What is a pirate’s favorite cheese?
Ched-arrrrgh!
What wisdom did the daddy cheese pass down to his son?
A curd in the hand is worth two in the bush.
When shouldn't you believe a word your cheese is saying? When it's too Gouda to be true.
What do you call referential cheese?
Feta.
What did the grilled cheese sandwich say to their date?
“You make me melt.”
What is a lion’s favorite cheese?
Roarquefort.
Why do cheeses make bad musicians?
They’re always sharp.
Why didn’t the chef slice his cheese?
He had grater plans.
What Welsh cheese must you always eat with caution? Caerphilly
What is a cheese lover’s favorite track and field event?
The curdles.
Which is the most religious cheese? Swiss, because it is holy.
Why did the parmesan swipe left on the cheddar?
His pick-up line was too cheesey.
What do you call an oriental cheese? Parm-asian
What do you tell your friend after she breaks up with a cheese lover?
You’re cheddar off without him!
What do you call a cheese that is an alcoholic? Livarot
What does a cheese lover say when someone keeps messing around with them?
“You gouda brie kidding!”
Why did the cheese get in trouble?
It was up to no gouda.
What do you call cheese who attends art openings?
Cultured.
How did the cheese professor start class every day?
Oh queso…
Why did the wheel act so bossy? Cause he was the "Big Cheese."

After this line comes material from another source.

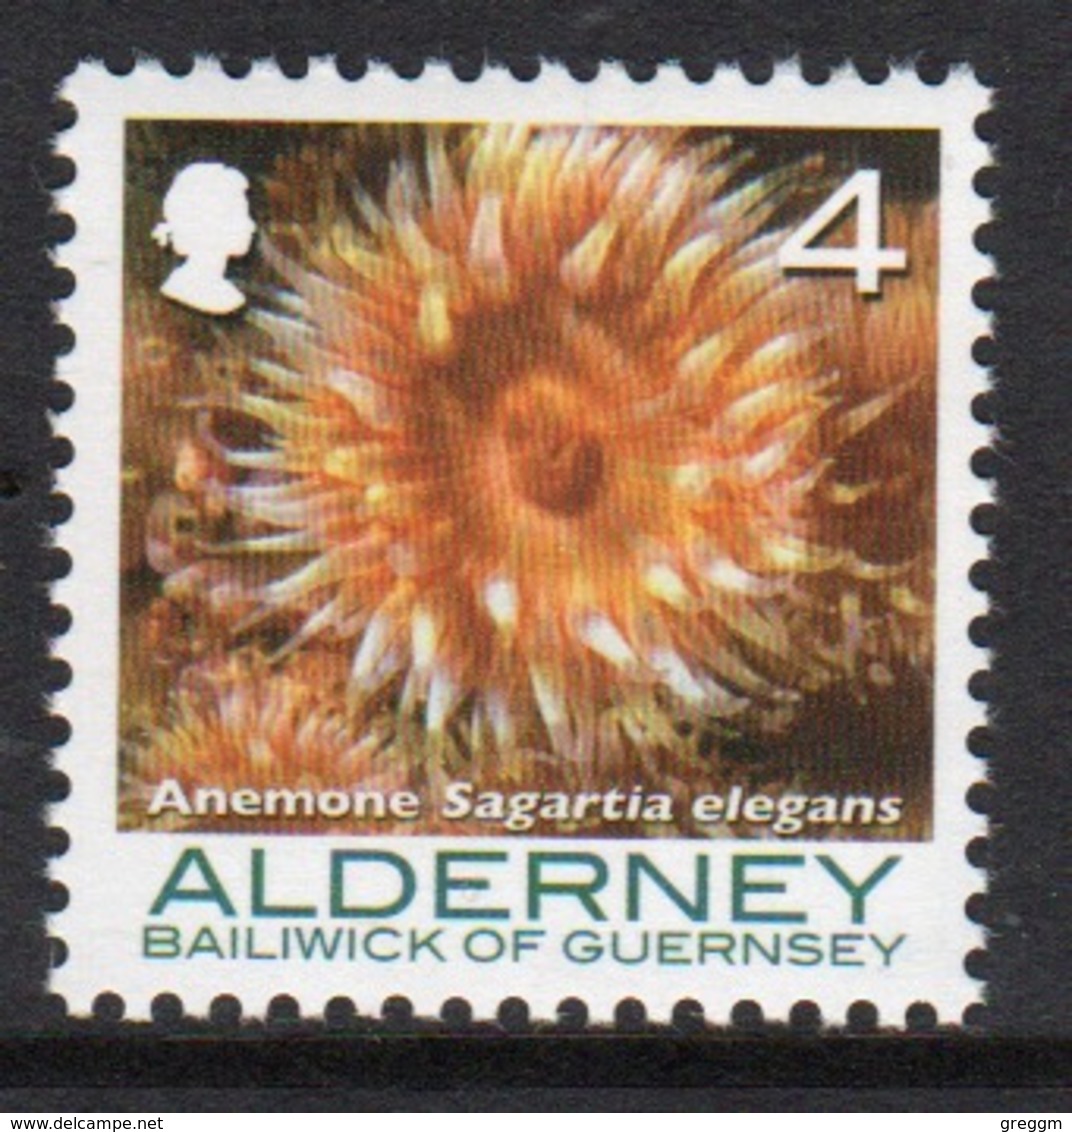 Alderney Single 4p Stamp From The 'Corals And Anemones' Definitive Set. - Alderney

What do you tell a cheese going through a hard time?
Ricotta get through this.
Which search engine is popular amongst mice? Ask Cheese.
What were the cheese’s wedding vows?
To havarti and to hold.
What happens when you go on an all-cheese diet?
You cheddar few pounds.
What's the most popular American cheese sitcom? Curd Your Enthusiasm
What is a cheese lover’s favorite rap artist?
Feta wap.
Did you hear about the cheese shop that was destroyed by a tornado?
All that’s left is da brie.
What kind of cheese makes the best music?
Brieoncé.
What did the cheese say after escaping the mouse? I'm Brieeee!
What is a cheese’s favorite kind of philosophy?
Epistemology and fetaphysics.
Did you hear what happened to the cheese after its breakup?
It got provolonely.
How do you get a mouse to smile? Say cheese!
What did the Cheese salesman say? That cheese may be Gouda, but this one is Feta!
What do you call cheese that is sad? Blue cheese.
What drives cheese crazy?
That everyone around them is crackers.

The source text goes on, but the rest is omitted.